Massive bomb blast hits busy highway in Somali capital
A truck bomb at a hotel in Somalia's capital Mogadishu on Saturday has left at least 20 people dead and widespread devastation, with the toll likely to rise.
"Initial reports from emergency departments indicate more than 20 bodies picked up off the street and many more are under the wreckage of buildings destroyed by the blast," Ibrahim Mohammed, a senior police officer told AFP.
The bombing hit a busy part of the city, outside a hotel and beside a busy highway, government security official Mohamed Aden said.
"There was a huge blast caused by a truck loaded with explosives. It went off at the entrance of a hotel alongside the K5 intersection," he said.
There was no immediate claim of responsibility, but the al-Qaeda aligned al-Shabaab carries out frequent bombings and other attacks in the government-controlled capital.
A thick cloud of smoke kicked up by the bomb could be witnessed across the city, with scenes of devastation at the nearby hotel and busy highway the blast took place.
"This was very horrible, the bomb went off alongside the busy road and left many people dead. I saw several dead bodies strewn about but could not count them," said witness Ismail Yusuf. "It was horrible."
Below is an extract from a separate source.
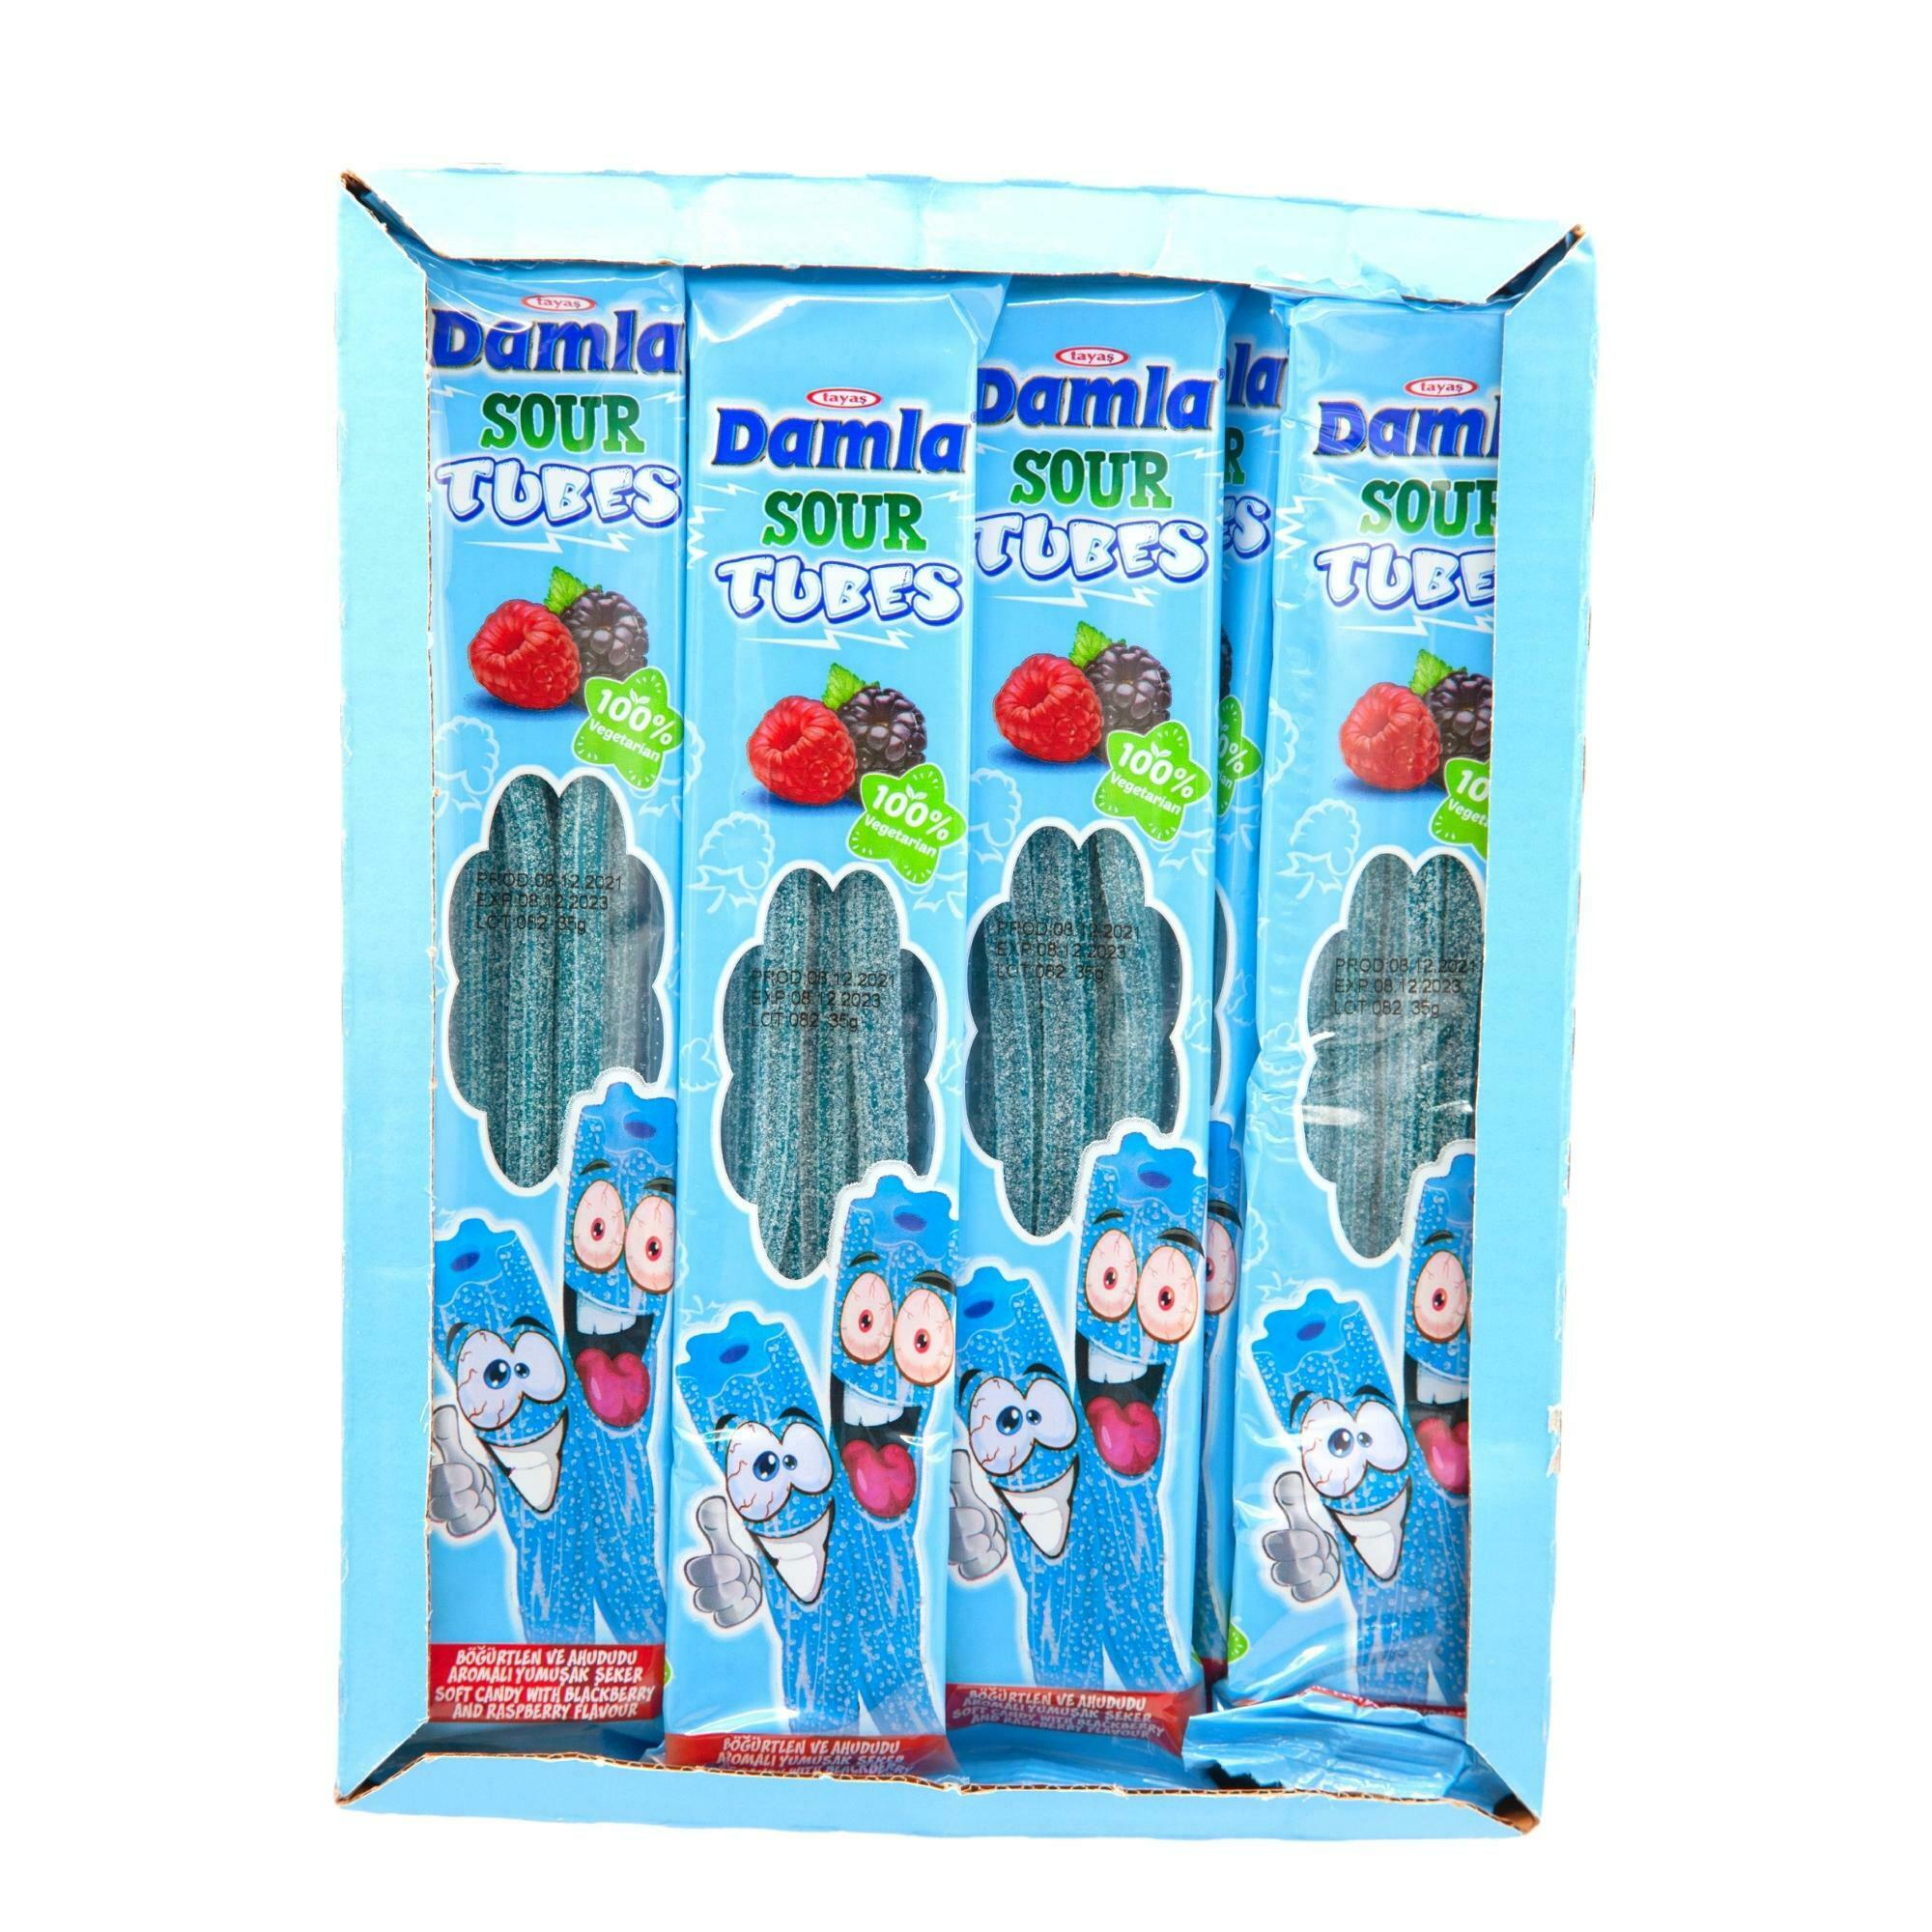 Damla Sour Licorice Tubes Raspberry & Blackberry (35Gx24pcs) - Aytac Foods
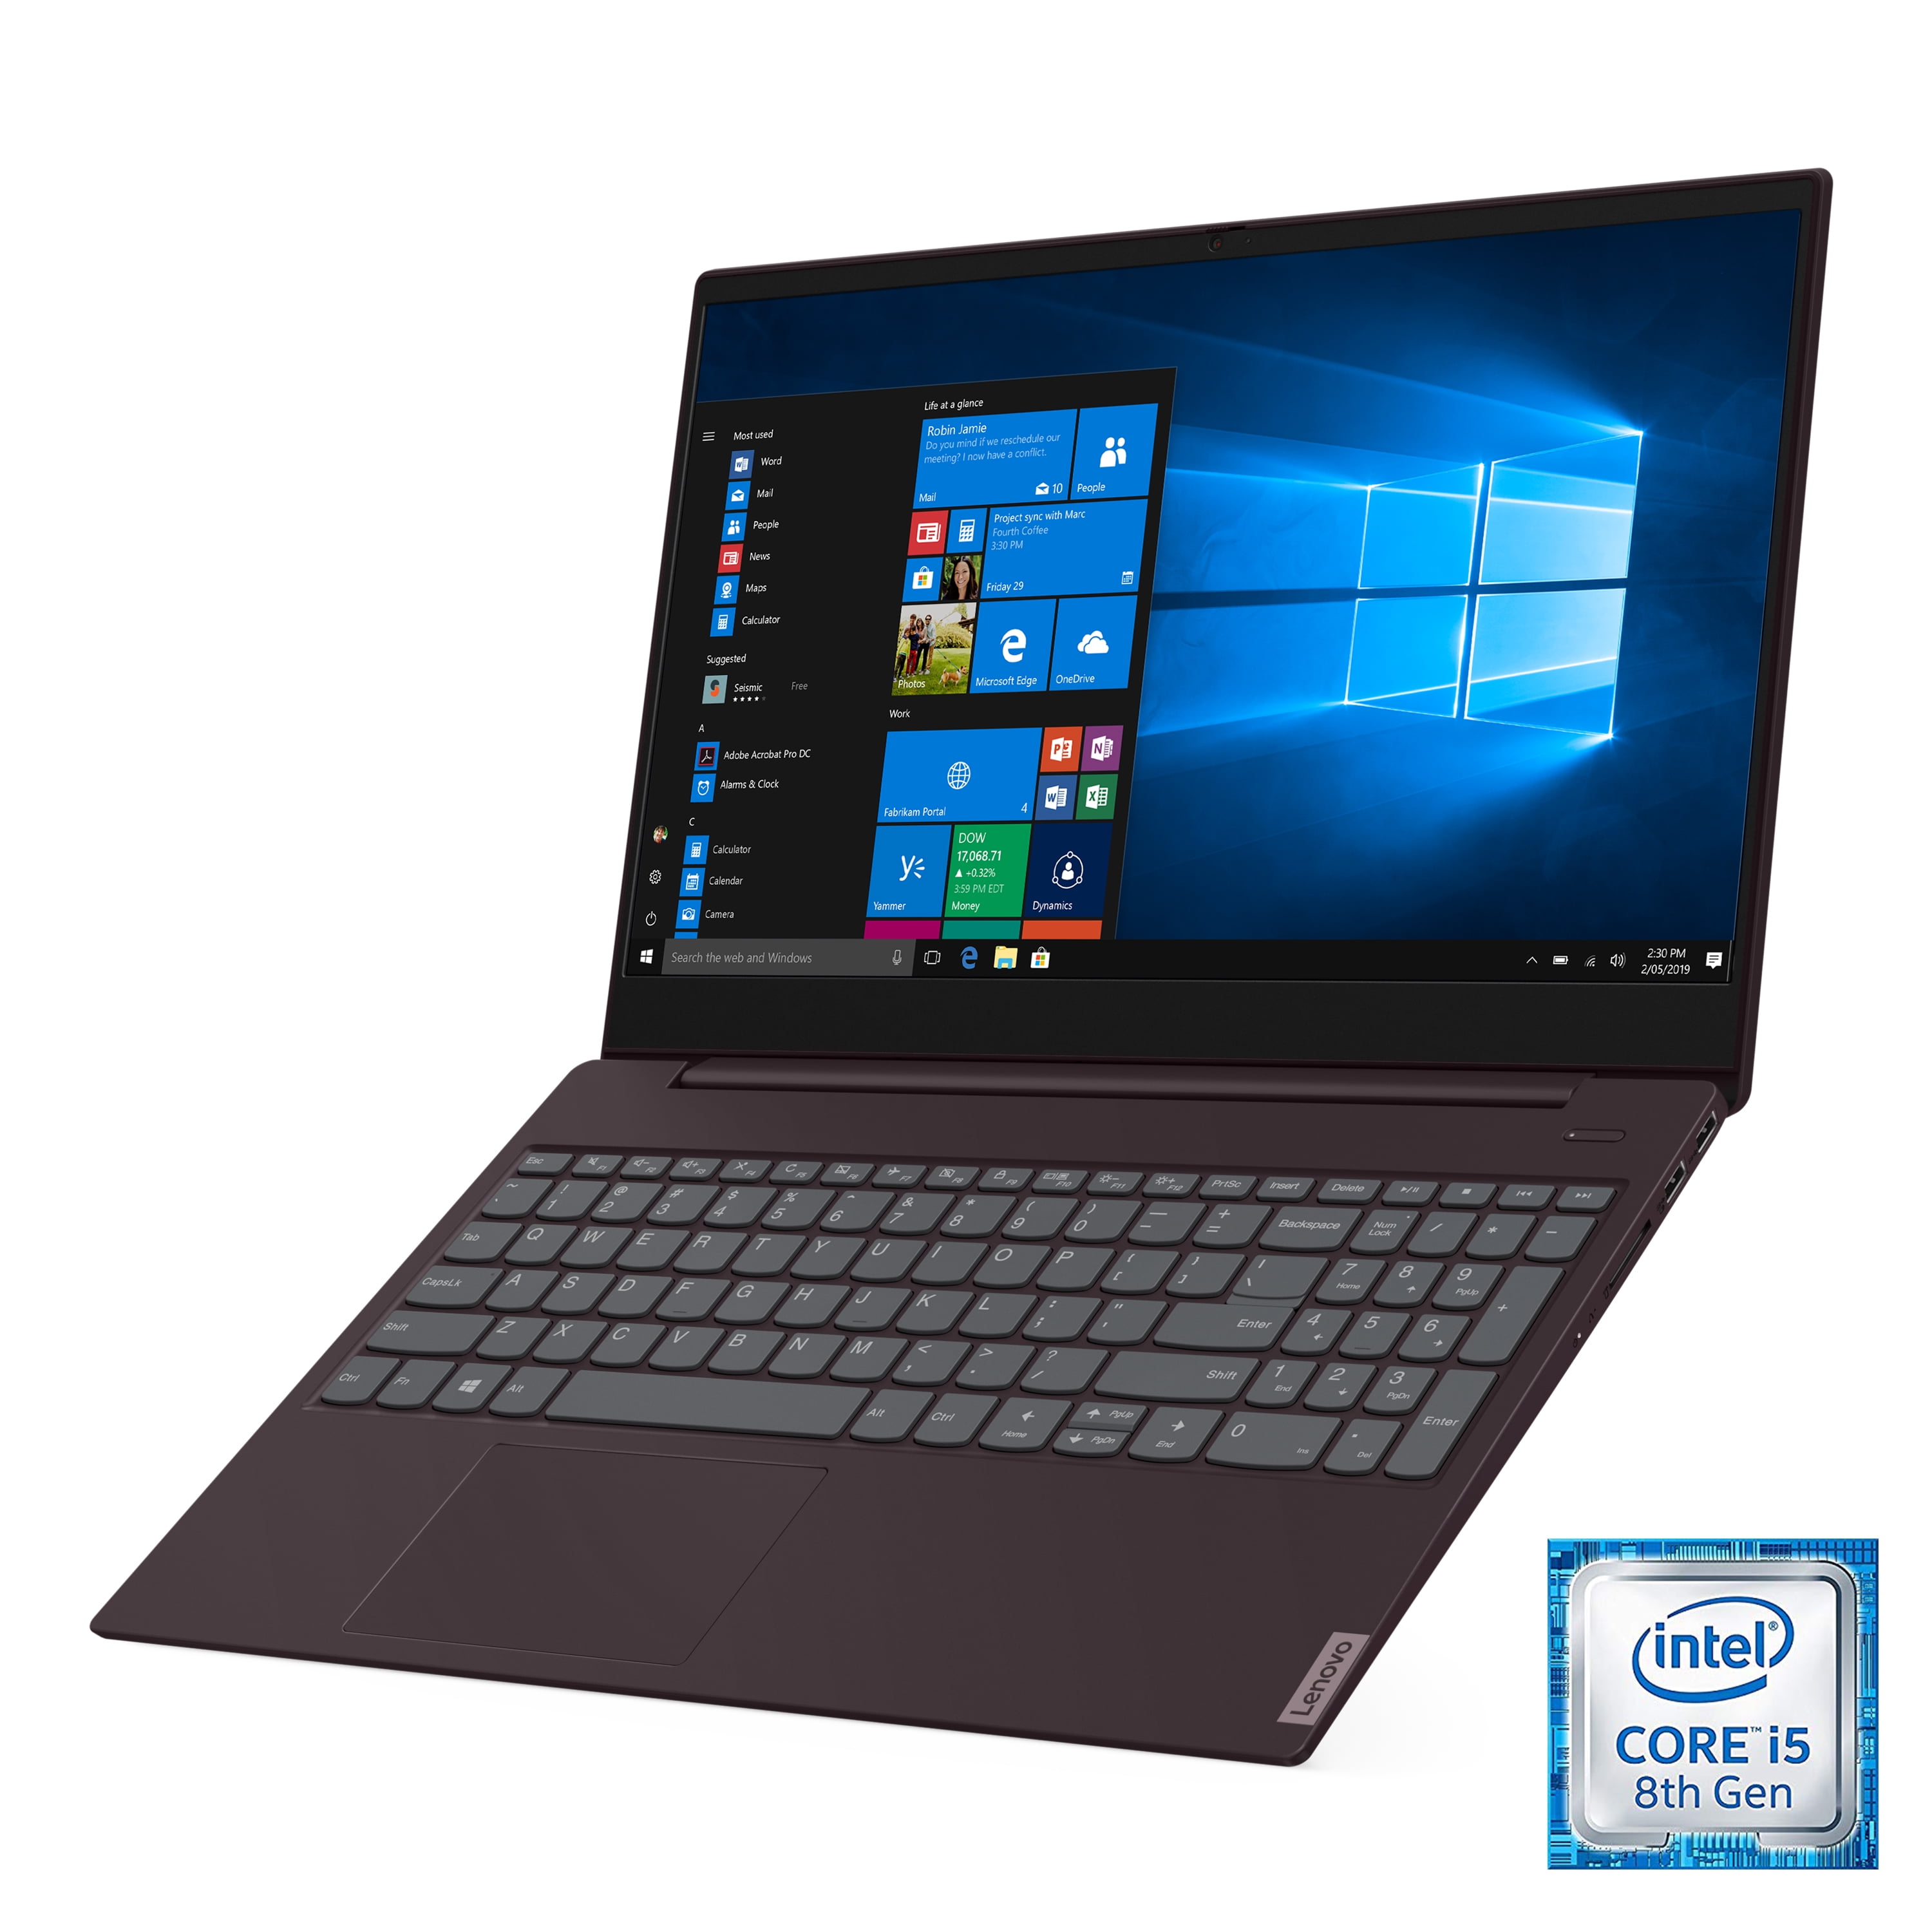 Lenovo ideapad S340 15.6" Laptop, Intel Core i5-8265U Quad-Core

Emergency services were overwhelmed as they sought to respond to the bombing.
"This was very horrible incident. The emergency team don't even know how many people they have collected because of the high number of the casualties," said Abdukadir Haji Aden, director of Mogadishu's main Amin Ambulance Service.
"They have collected tens of dead and injured and the work is still ongoing," he said.
The so-called "Kilometre 5" junction is in the Hodan district, a bustling commercial part of the city with many shops, hotels and businesses.
The blast happened near the Safari Hotel, a popular place but not one that is commonly used by government officials.
It is not known whether the hotel was the target on this occasion, but in the past the al-Shabaab has frequently attacked hotels where officials and foreigners stay.
In any case, the devastation caused was widespread. Muhidin Ali, a Mogadishu resident who was close by at the time said it was, "the biggest blast I have ever witnessed, it destroyed the whole area".
"There were dead bodies everywhere and injured people were screaming, some of them from under the rubble of destroyed buildings," said Fadumo Dahir, a witness.
"The whole area looks like a scene from a war," said Ahmed Bare, another witness.
Al-Shabaab was forced out of the capital six years ago by African Union and Somali troops, and subsequently lost control of major towns across southern Somalia.
Yet the al-Qaeda militia has launched attacks on military, government and civilian targets in Somalia.
It has also launched raids in neighbouring Kenya.
Saturday's blast comes two days after Somalia's defence minister and army chief both resigned from their posts without explanation.